Who is Moravagine? The question has no simple answer, but we can begin in November 1912, in a bar called the Biard, on the Boulevard Saint-Michel, in Paris. The poet Blaise Cendrars is talking to a young Jew named Starckmann, a bookbinder’s apprentice, who has asked him about something in the past. “As I told him certain episodes from my life, the idea for Moravagine was born in me, spontaneously, released like a spring by the gears of the conversation,” Cendrars later recalled. “Starckmann had pressed an automatic button… and until daybreak I told him the story of Moravagine as if it were something that had really happened to me.” It was a story that took a lot of telling, about a madman, Moravagine, and his madcap adventures in Switzerland, Germany, and Russia, where he became a revolutionary, and hatched a plot that nearly got the tsar assassinated. Moravagine was lucky to escape with his life, and fled to America, where he… and so on, all night long. Cendrars doesn’t say what Starckmann thought of the story, but it seems safe to assume he was enchanted. “He was a young man who was very devoted to me,” Cendrars wrote, “and who, in 1914, following my example, enlisted on the first day of the war…” Blaise Cendrars lost his right arm in the First World War. Starckmann was killed.
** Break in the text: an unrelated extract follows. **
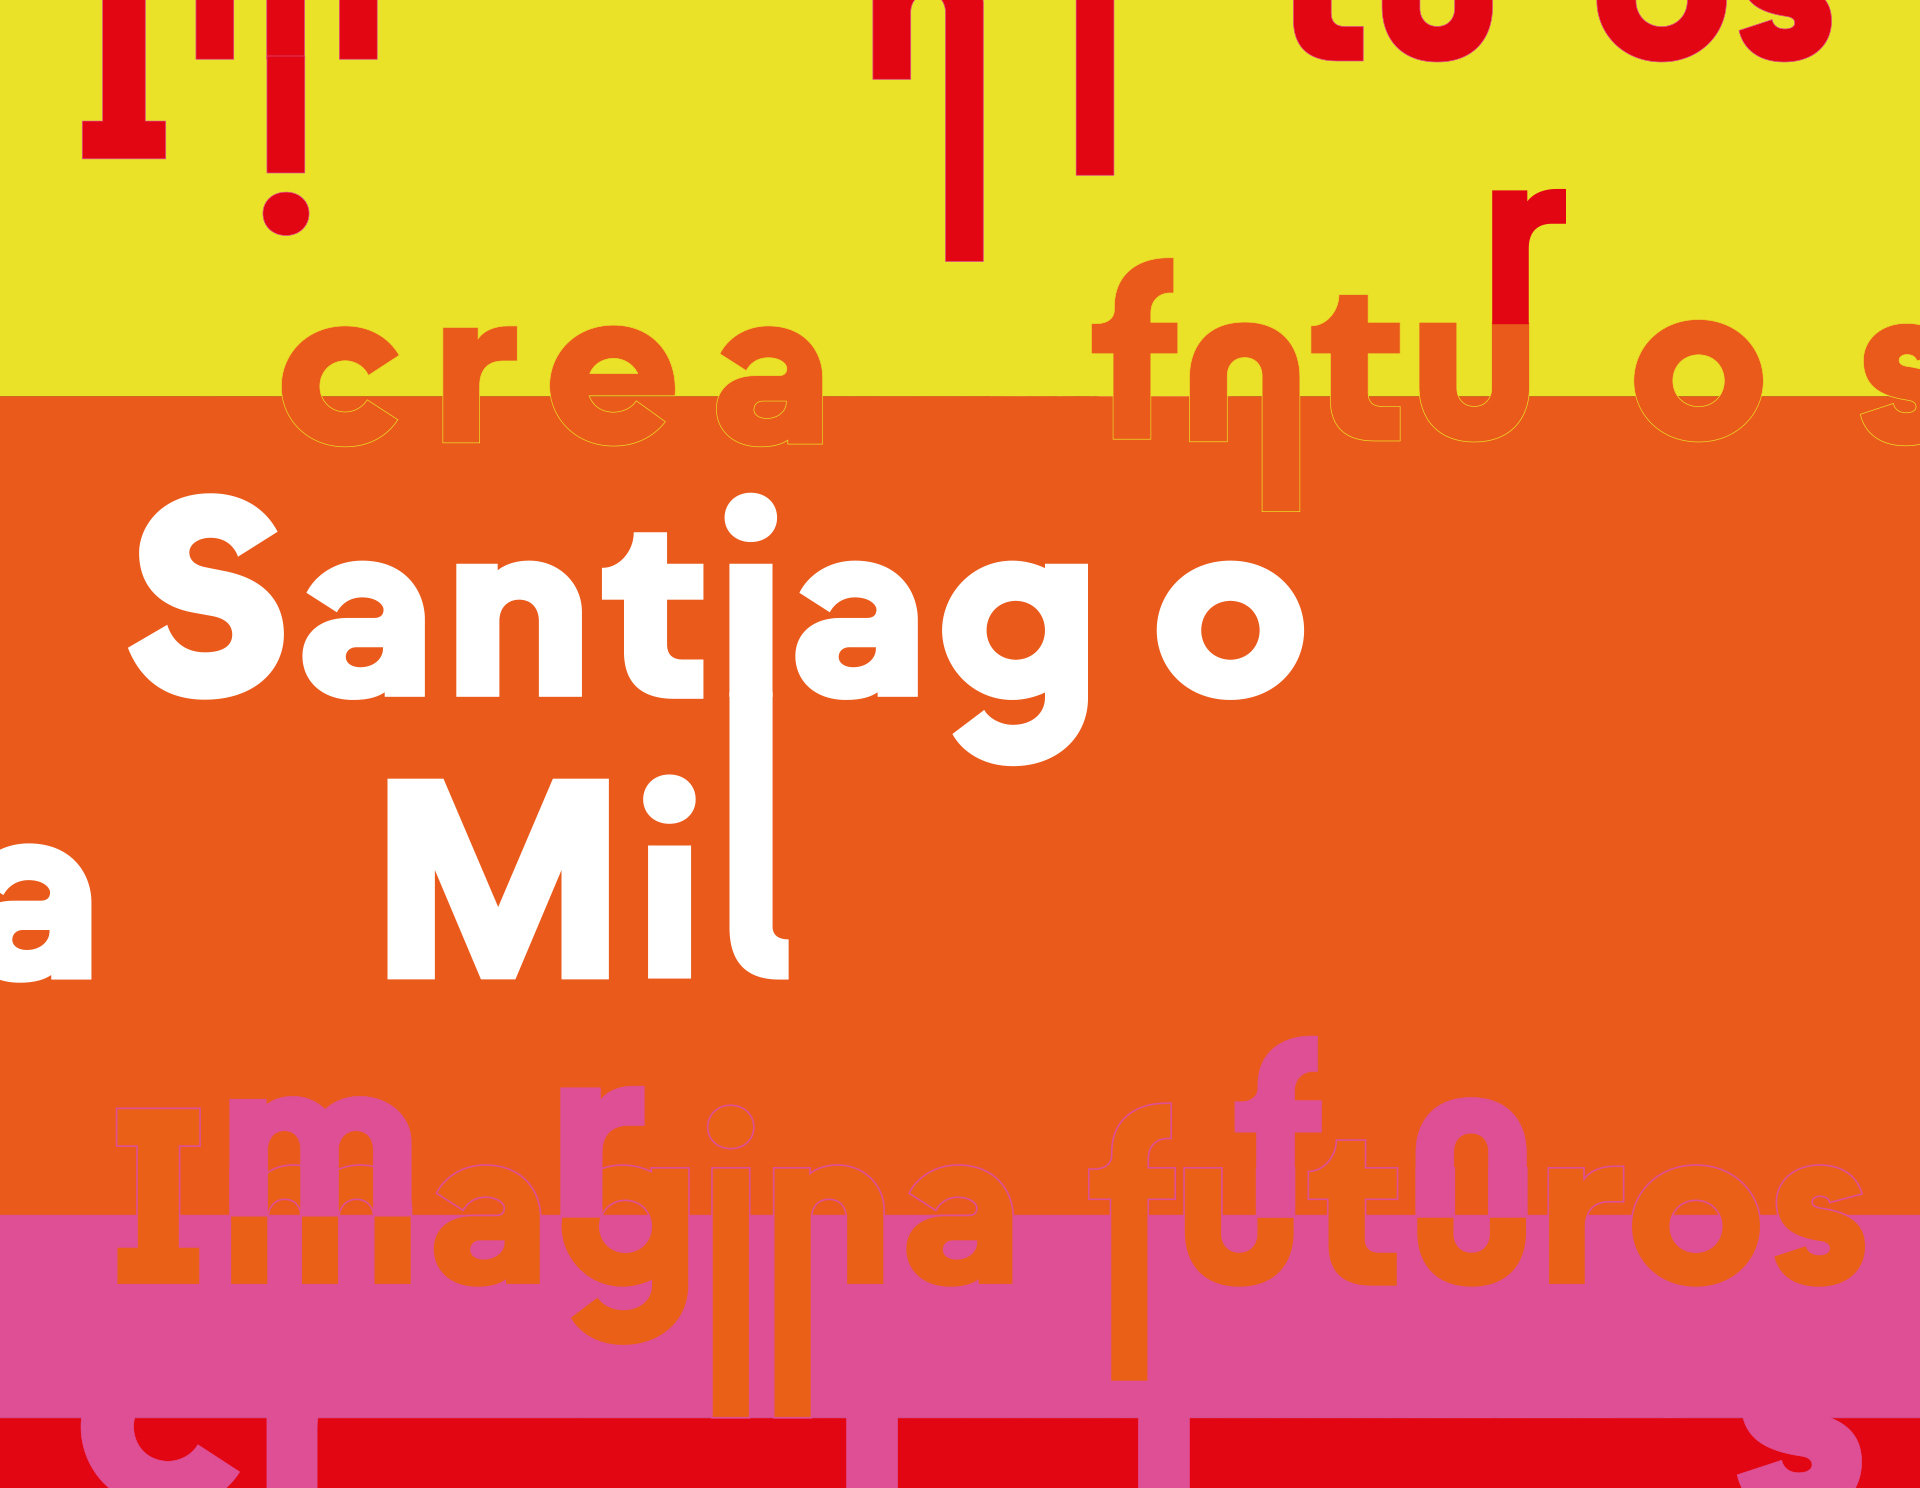 Santiago a Mil en M100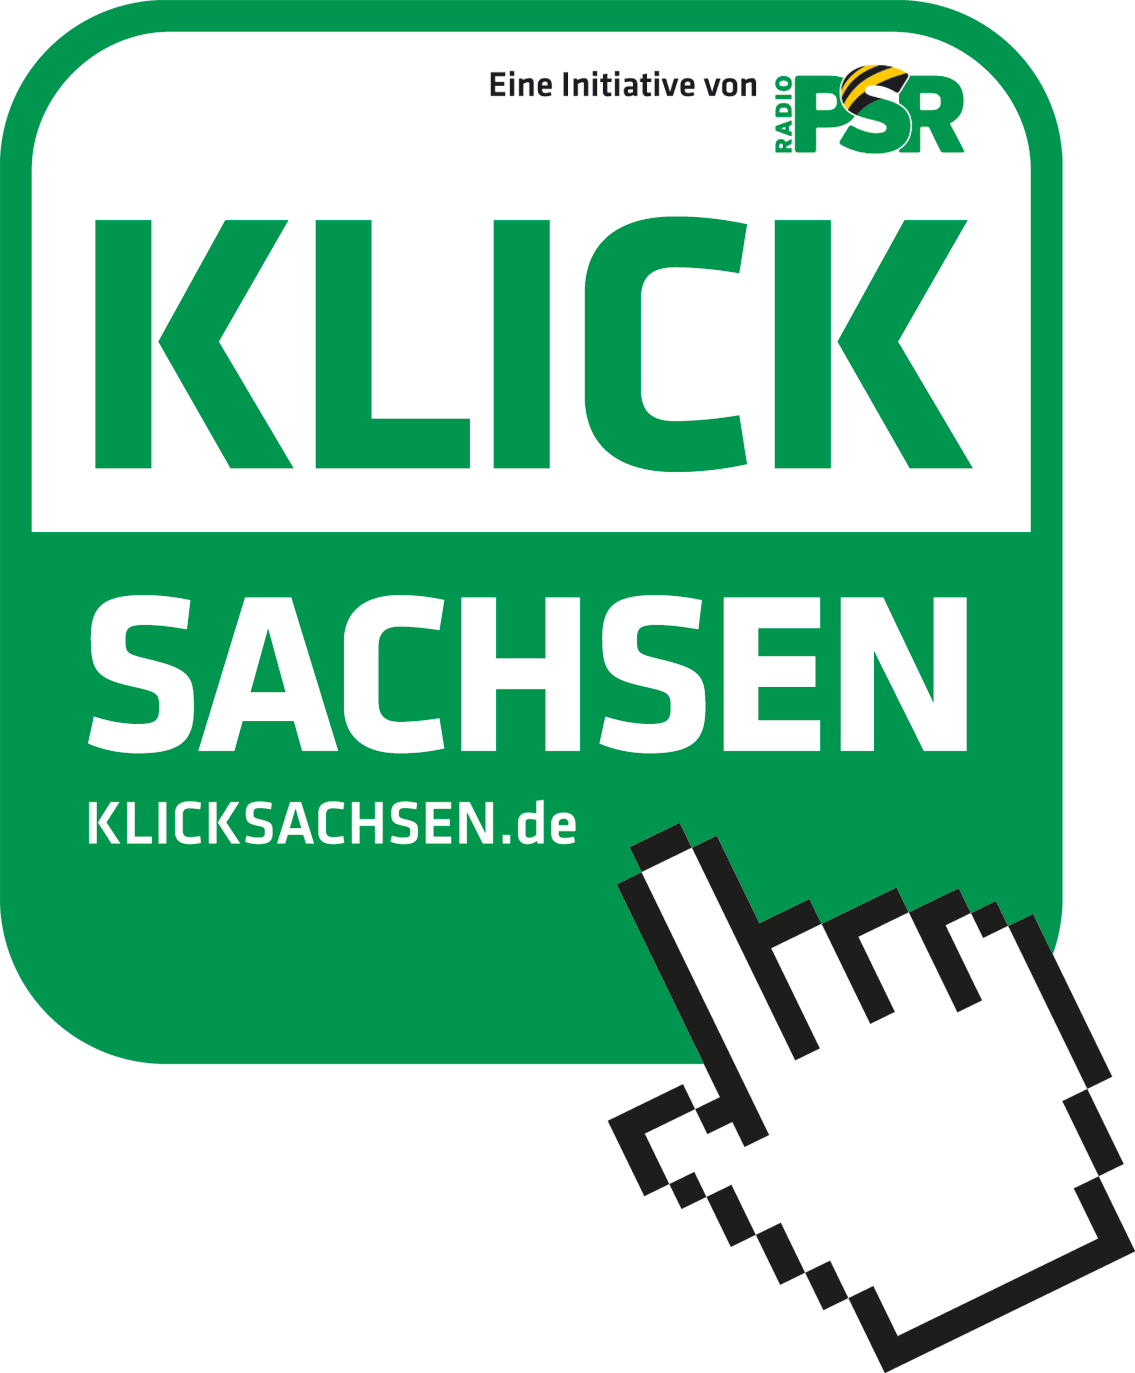 Klicksachsen.de

If his story had a moral, it might be this: be careful what you believe, especially when you are dealing with Cendrars.[1]

2.

Blaise Cendrars was born on September 1, 1887, at 216, rue Saint Jacques, Paris. His father was an inventor, who bequeathed to the world such wonders as the automatic weaving machine, the spring that closes doors automatically, and the luminous shop-sign. If only his competitors hadn’t copied his inventions, or bought the patents for practically nothing! Monsieur Cendrars would have been rich. But he was not rich, and at the age of eighty-five, he threw himself from a bridge, because, he explained in a letter to his son, “I am getting a little hard of hearing in my right ear. Nature is badly arranged, dear boy.” If it is badly arranged, then Blaise seems to have done all he could to fix it. For the truth is that none of this is true, not the deafness, not the door-spring, not the apartment in Paris, not even the name Blaise Cendrars.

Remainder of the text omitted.